Magnolia Flowers and the Spontaneity of Non-Dual Action and Zen

Non-Dual Action and Zen

The non-dual action which is the Zen spontaneity has further correlation with Lord Krishna’s sayings to Arjuna on nishkama karma in Bhagawat Gita. In the absence of separation between the subject and object, between the self and the world, or, when there is no awareness of an agent that is believed to do the action as being distinct from an objective action that is done, it is only then that the concept of non-dual action is properly understood. Non-action requires eliminating the sense of self or the ego which interferes with the action because of the expectations associated with it. Unless the practitioner can dissipate the cloud of expectations and desires that prohibits him to experience the world as it is in itself (Tao), non-dual action has no meaning. Even the judgement that something needs to be done in a purposive sense is part of the cloud that obscures the view of the clear or empty sky. Wu-wei is not doing-nothing but doing more with less resources or knowing where to stop. Naturally the system reaches a state of vector equilibrium in this process becoming more sustainable for any action that may proceed. Vector Equilibrium (VE) is the state of relaxing in ground of being, a poise or equanimity where there is no intention of bringing even the mind back into attention or disengage with discursive thoughts; it is simply sitting without sitting and finally reaching zero phase or the empty state on its own accord. Buckminster Fuller who coined the term VE, described it in terms of a system of energy having a distinct geometric form with all vectors having equal length than as a structure, it is the primordial state where movement of energy comes to state of absolute equilibrium or stillness. From this zero-phase, all dynamic energy events occur. He goes on to say that ‘’the vector equilibrium is the zero-starting point for happenings or nonhappenings: it is the empty theatre and empty circus and empty Universe ready to accommodate any act and any audience.”[5]In other words, the vector equilibrium is the quantum field or the vacuum field -the stuff out of which everything is made. It’s a boiling sea of random fluctuations where virtual particles can briefly and spontaneously appear from the vacuum and then disappear again, even when no one has put any energy into the field to create a real particle.

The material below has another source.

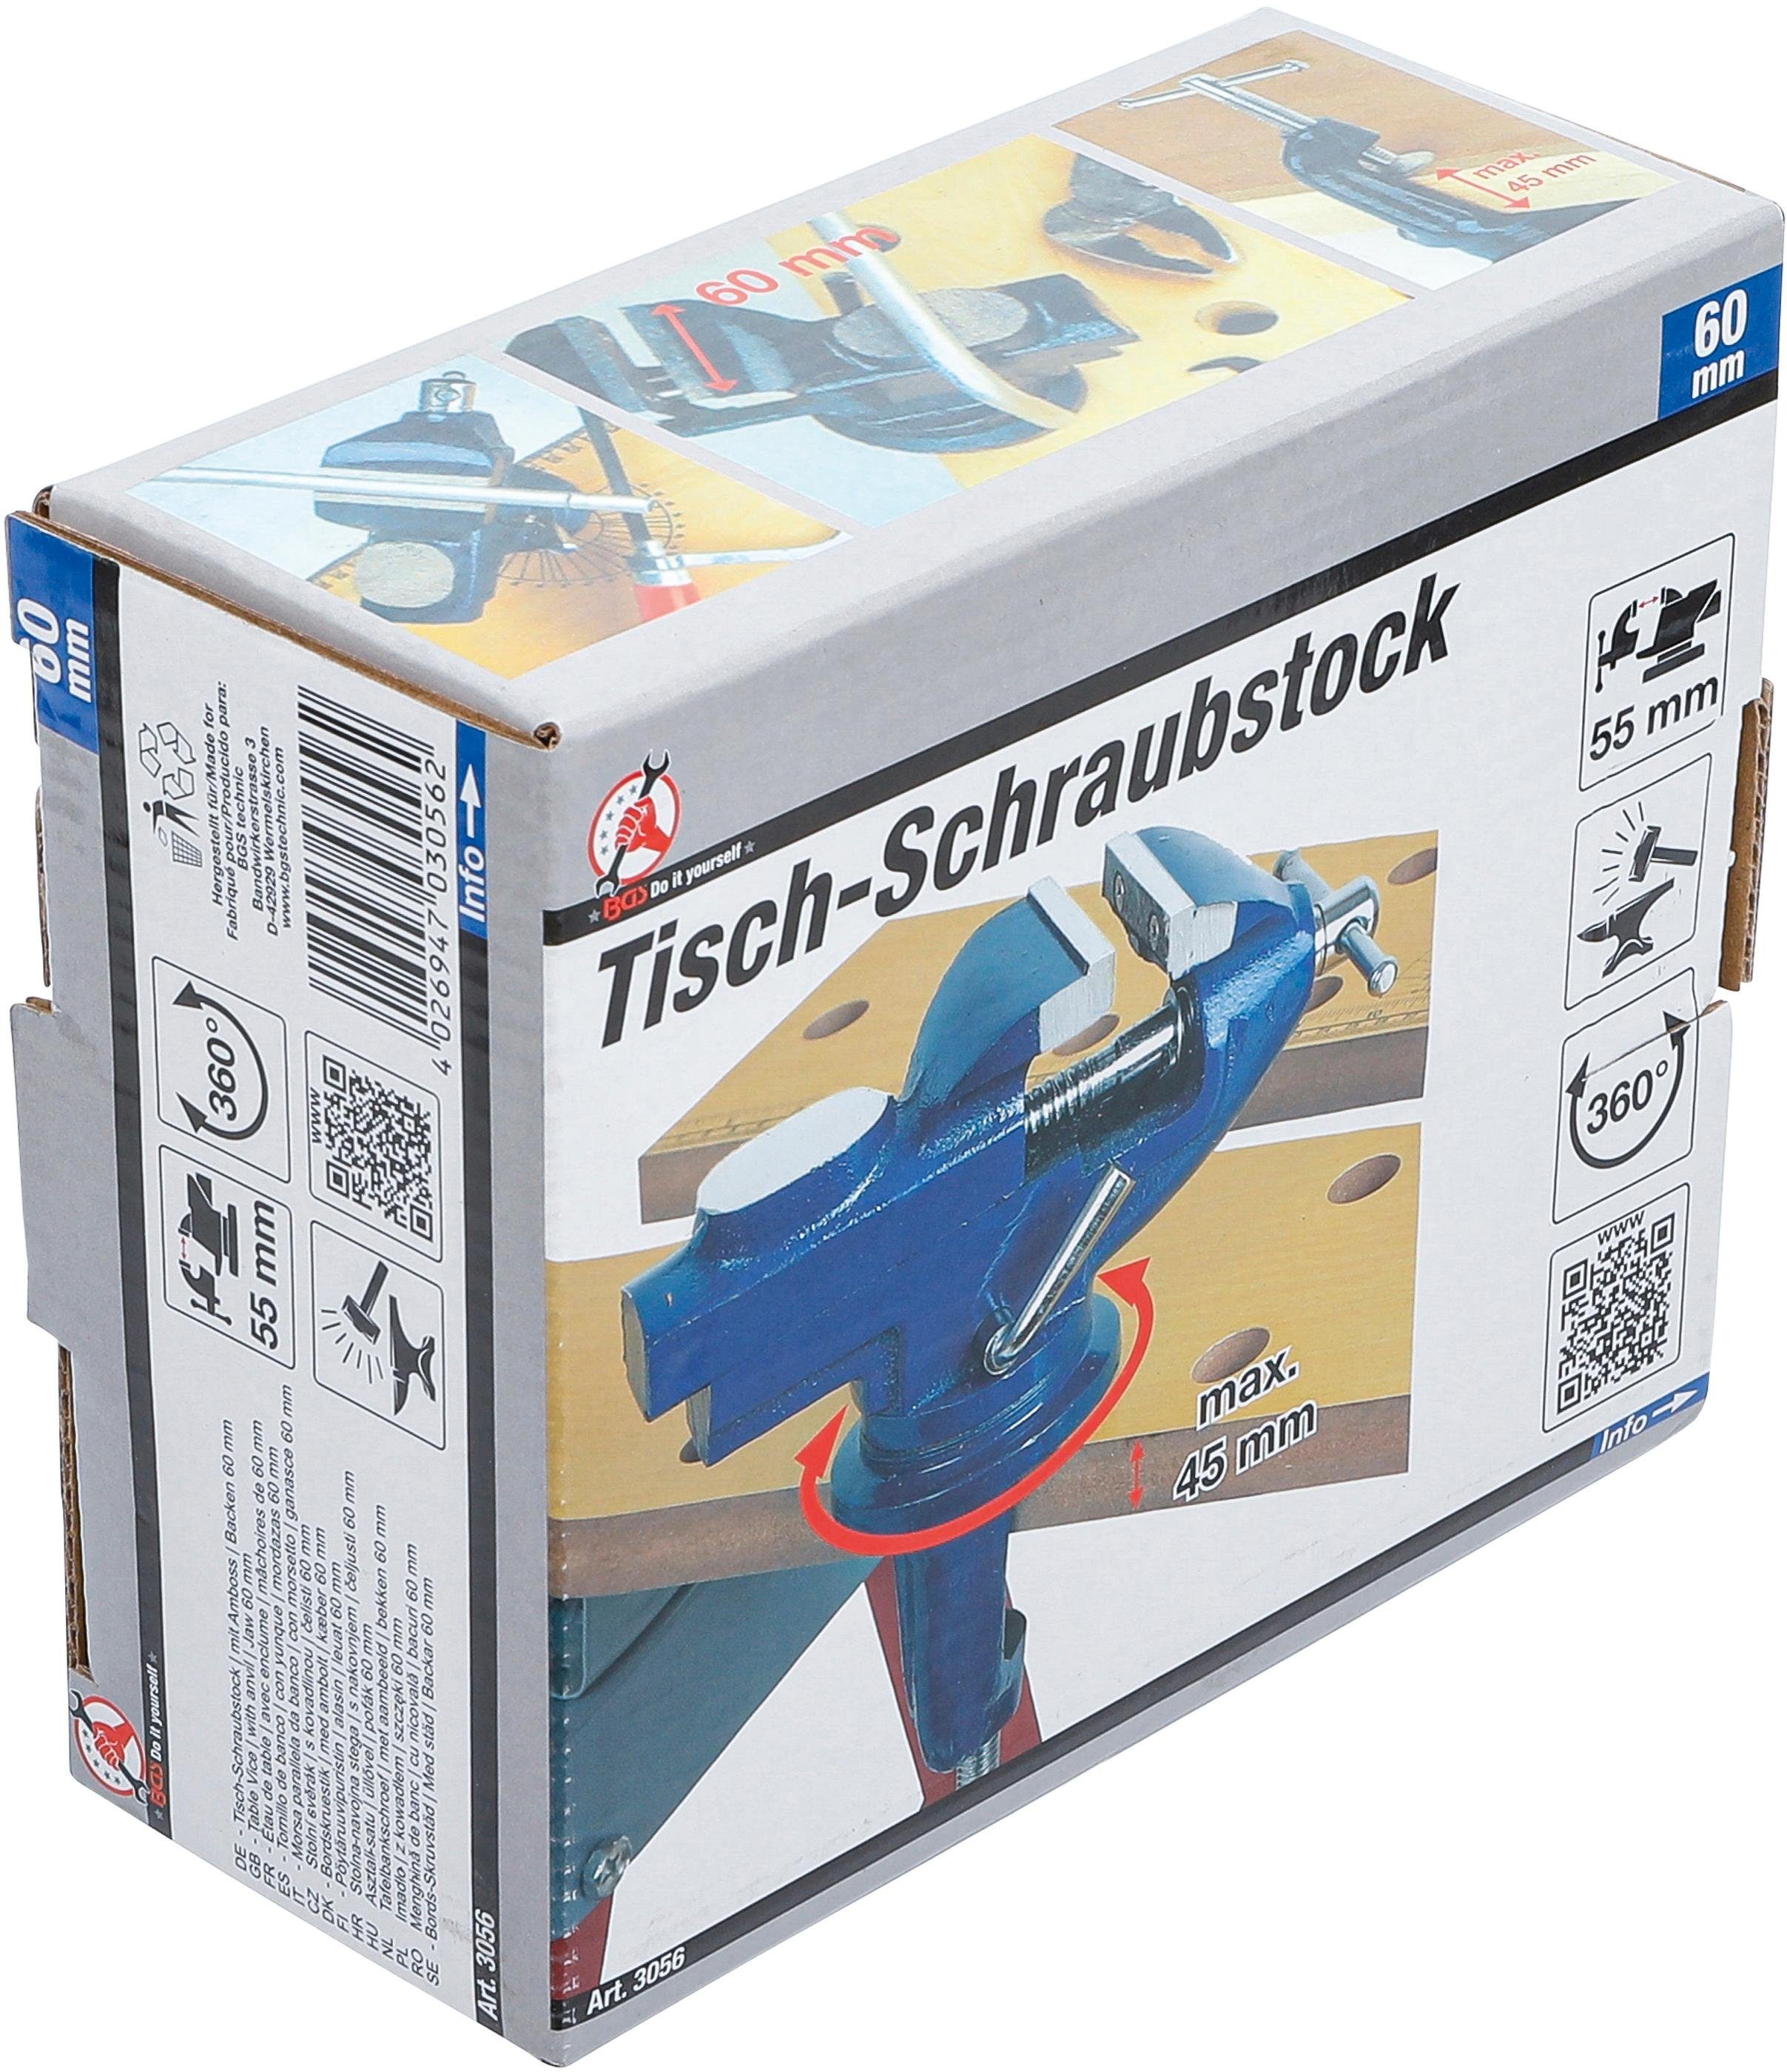 mm BGS Tisch-Schraubstock, 60 mit Amboss, Backen Schraubstock technic

Resting in Consciousness: Zen and Ashtavakra Gita

Relaxing in the being while doing zazen is resting in the state of natural consciousness. In Ashtavakra Gita, the sage Ashtavakra while having a discourse with King Janaka, says ‘’to attain liberation, know yourself as the witness, conscious of all these”, and, later, says “rest in consciousness’’ as there is nothing else to do. If one can relax, unwind and rest in consciousness then this very moment one can be at peace and free of bondage. ‘’This very moment’’ is the Zen, ‘here and now’ and the process of enlightenment is not gradual but sudden or abrupt. The marvellous practice is the realization of that state of enlightenment. The ultimate meaning of meditation is resting in consciousness and ‘seeing through’ to what we ourselves are. The famous Zen master Dogen says: ‘’you shall first learn to step back…’’ by letting go of all thoughts in the natural way and returning to the ground source. Relaxing in the source and resting in beingness is what Martin Heidegger has called resting into yourself – ‘the releasement’ or ‘enchanted regioning’. It is about find a state-space (or, a quantum state) where one can realize that he is the Buddha or the awakened one, and that there never has been a separation between the individual and the universal consciousness. What apparently happened is that, while asleep, the practitioner has forgotten all about the ground on which he treads.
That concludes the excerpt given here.